ACTION ITEM
Reproduce all the lines below exactly and omit the images.

DATASET CONTENT
┌──

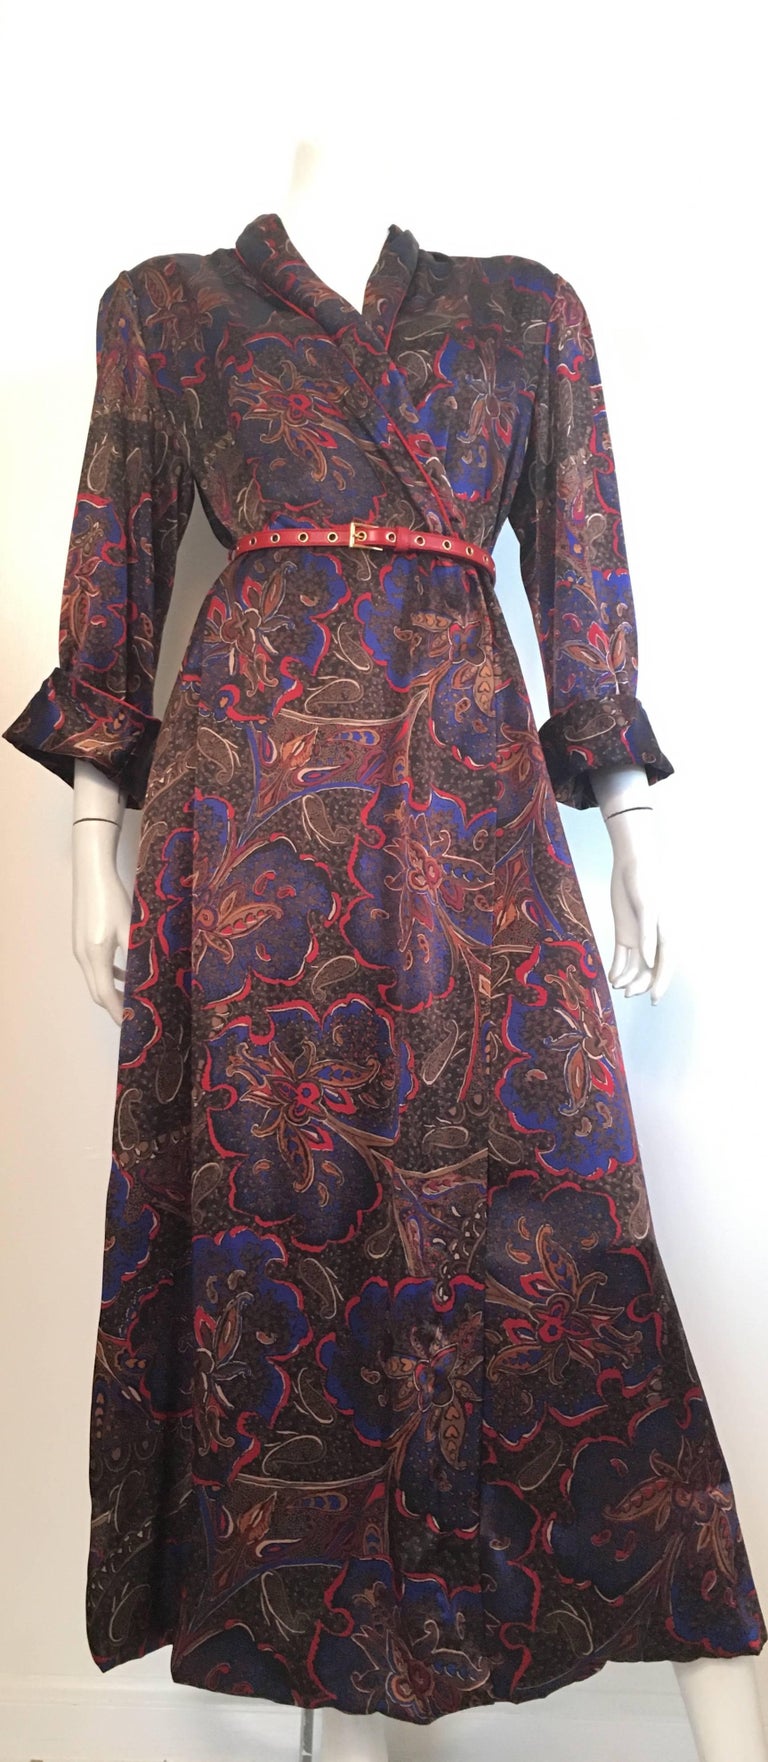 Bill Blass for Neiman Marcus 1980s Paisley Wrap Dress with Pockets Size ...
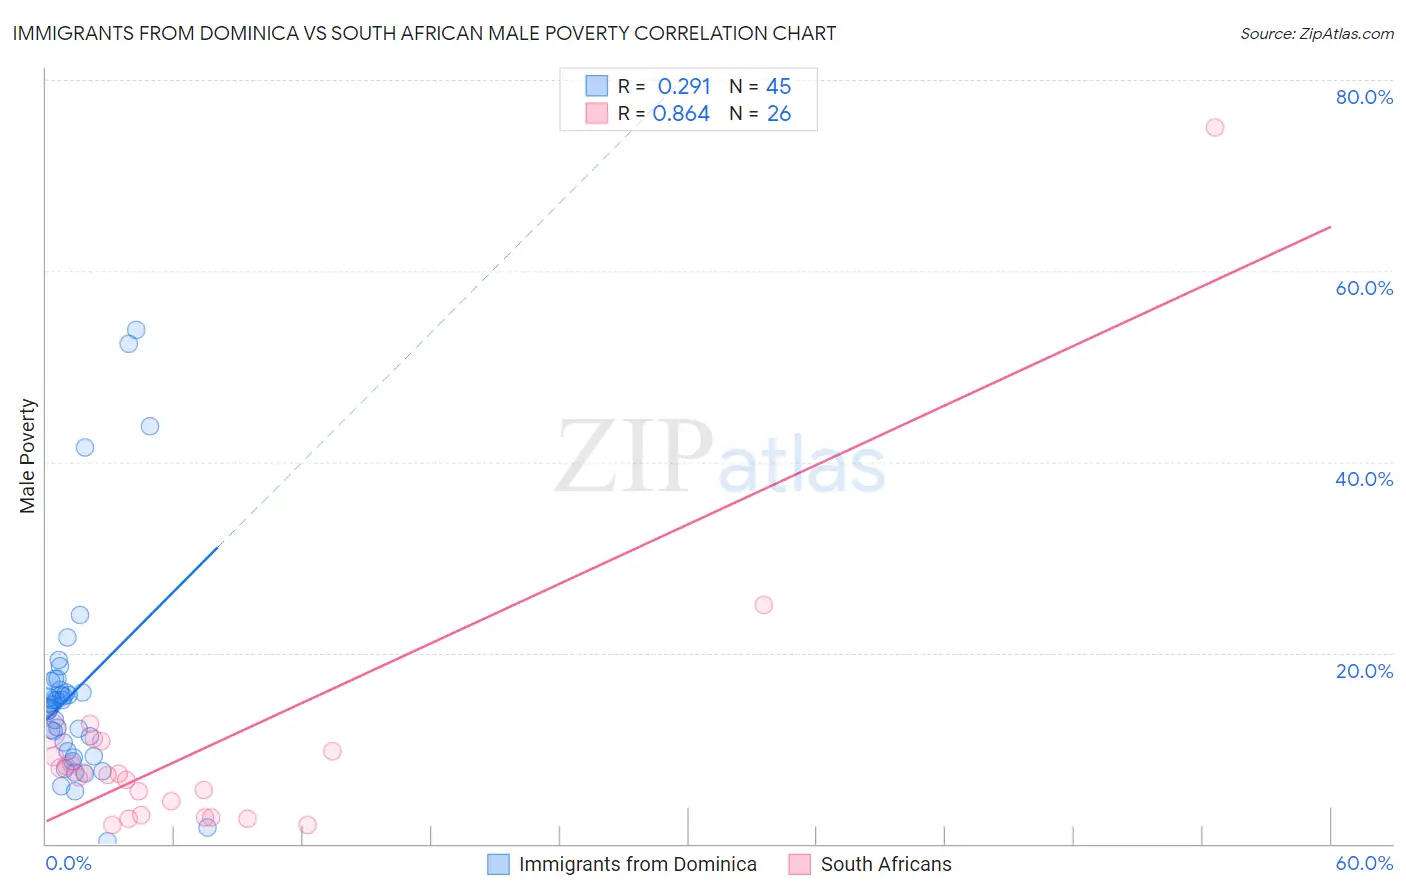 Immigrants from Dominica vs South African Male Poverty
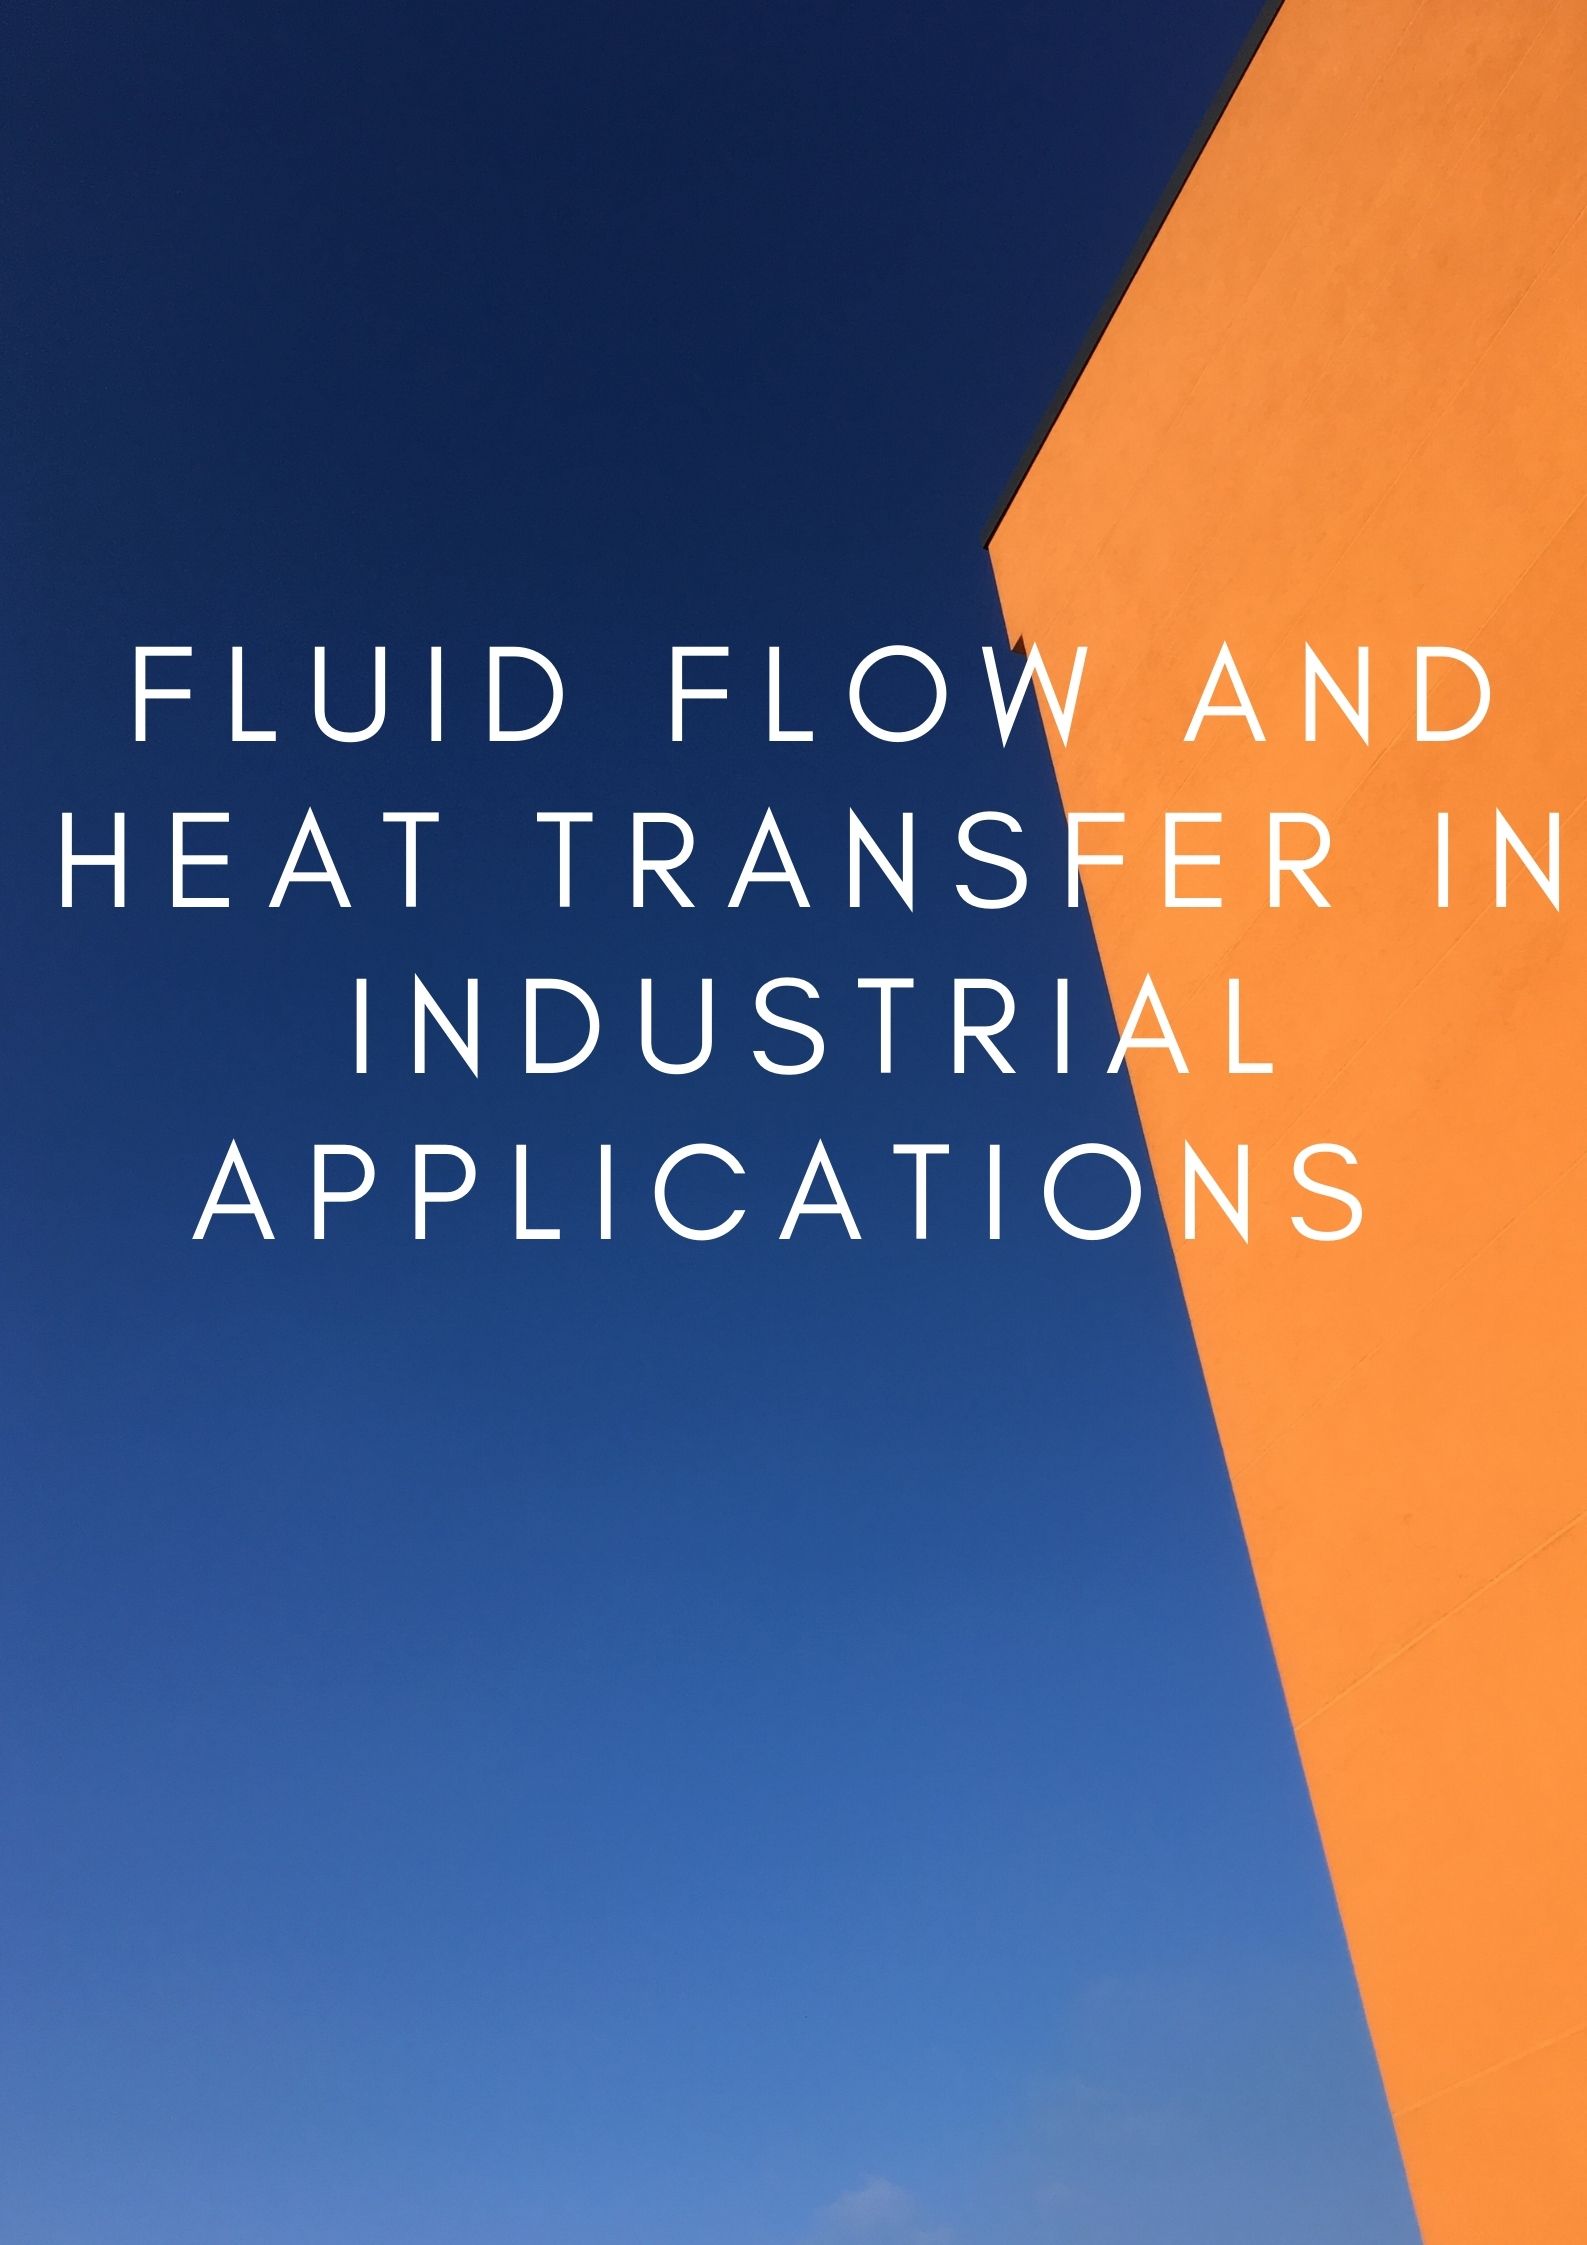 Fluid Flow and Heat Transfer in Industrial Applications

└──

WRITTEN SOLUTION
 Bill Blass for Neiman Marcus 1980s Paisley Wrap Dress with Pockets Size ...
 Immigrants from Dominica vs South African Male Poverty
 Fluid Flow and Heat Transfer in Industrial Applications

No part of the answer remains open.